Quand commencer la reprise de la course ?
La reprise de la course après une périostite tibiale ne se fait pas au ressenti, mais selon des étapes validées. Passer trop vite à l’impact aggrave l’inflammation et rallonge la guérison, et les résultats après 3 mois. Suivez cette progression pour éviter une rechute, en optimisant votre progression en course.
- Indolore totale au repos d’abord : Avant toute tentative de course, vous devez pouvoir rester assis ou allongé sans aucune sensation douloureuse le long du tibia pendant au moins 48 heures consécutives.
- Marche rapide sans douleur validée : Marchez à un rythme soutenu (5-6 km/h) pendant 20 à 30 minutes sans gêne. Si la douleur apparaît, attendez encore 3 à 5 jours avant de réessayer.
- Course fractionnée 30 secondes/1 min marche : Alternez 30 secondes de course à très faible allure et 1 minute de marche active. Répétez ce cycle 10 fois maximum (soit 5 minutes de course cumulée). Arrêtez immédiatement si une douleur pointe.
- Augmenter de 10 % max par semaine : Une fois la fractionnée maîtrisée sans douleur, augmentez le temps de course total de 10 % maximum chaque semaine. Par exemple, passez de 5 à 5,5 minutes de course par séance la semaine suivante. Ne combinez jamais plus d’une augmentation (durée, fréquence ou intensité) à la fois.
- Consulter si douleur persistante après 3 mois : Si après 3 mois de progression sans douleur au repos ni à la marche, la course reste douloureuse, consultez un spécialiste (médecin du sport ou kinésithérapeute) pour vérifier l’absence de fracture de fatigue ou de déséquilibre musculaire sous-jacent.
Foire aux questions
Faut-il arrêter complètement le sport ?
Non, l’arrêt total n’est pas recommandé. Privilégiez les sports sans impact comme le vélo ou la natation, ou les exercices abdominaux aquatiques, pour maintenir votre condition physique sans aggraver l’inflammation du tibia.
Combien de temps dure une périostite tibiale ?
La guérison prend généralement entre 3 et 6 semaines avec un repos adapté et des exercices ciblés, complétés par une pression pieds sciatique.
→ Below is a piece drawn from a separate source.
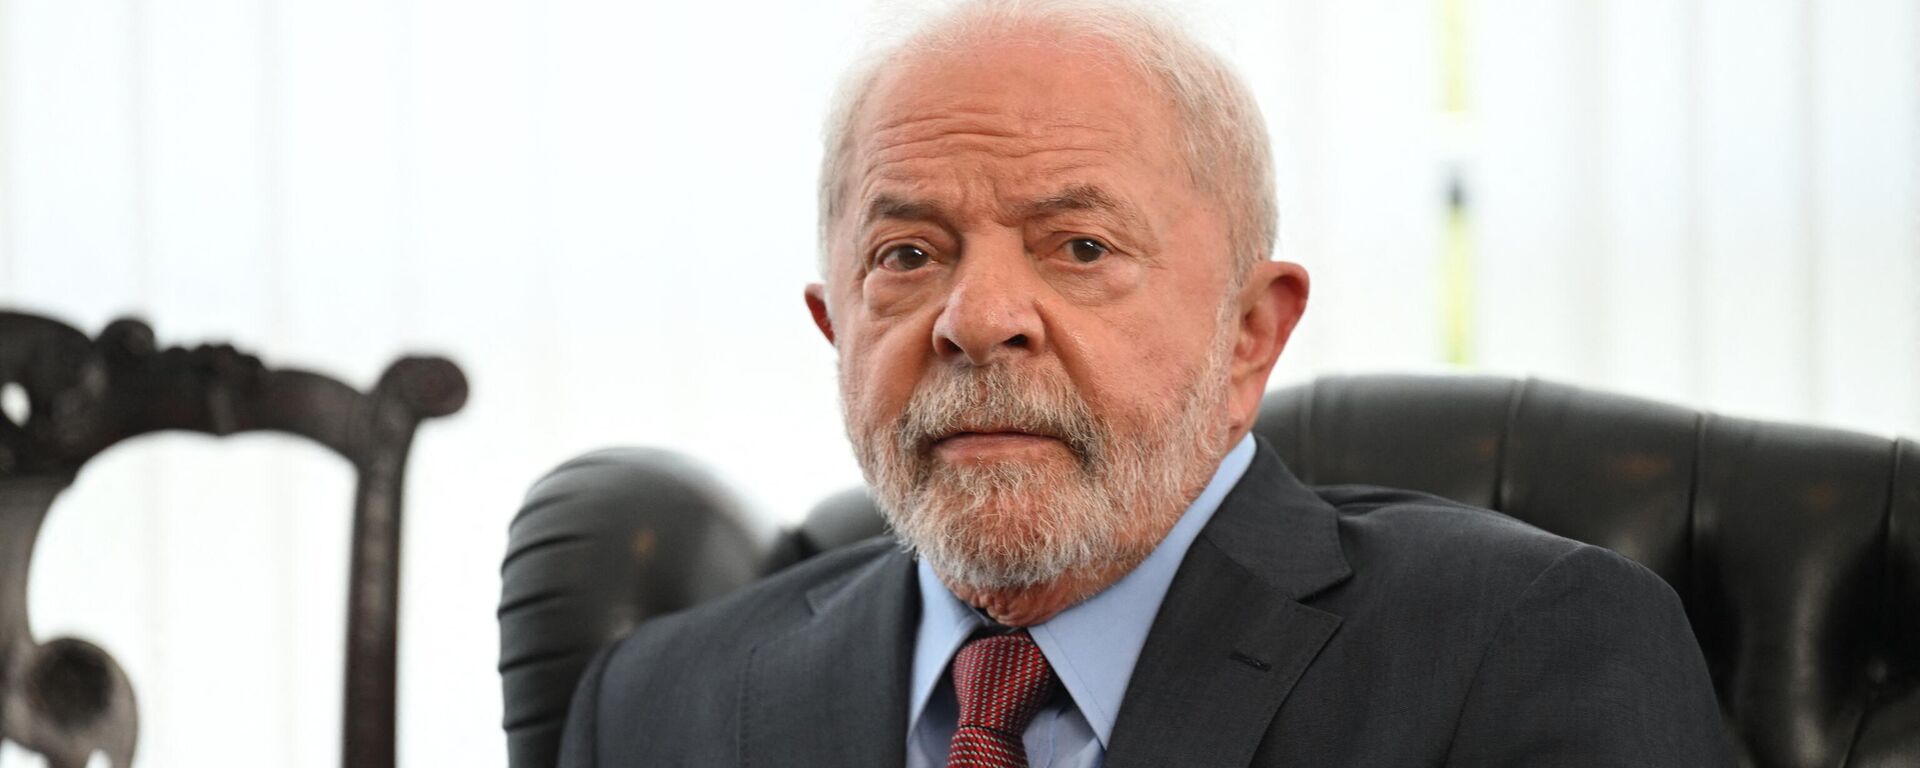 O presidente do Brasil, Luiz Inácio Lula da Silva, em Brasília (DF), em 2 de janeiro de 2023 - Sputnik Brasil, 1920, 04.01.2023

Une reprise trop précoce peut prolonger la durée de la blessure.
Peut-on courir avec une périostite tibiale ?
Courir avec une périostite active aggrave l’inflammation et retarde la guérison. Attendez d’être totalement indolore lors de la marche et des sauts avant d’envisager la reprise.
Quels sports pratiquer pendant une périostite tibiale ?
Optez pour des activités à faible impact : natation, vélo, rameur ou aquagym. Évitez les sports avec sauts, sprints ou changements brusques de direction qui sollicitent le tibia.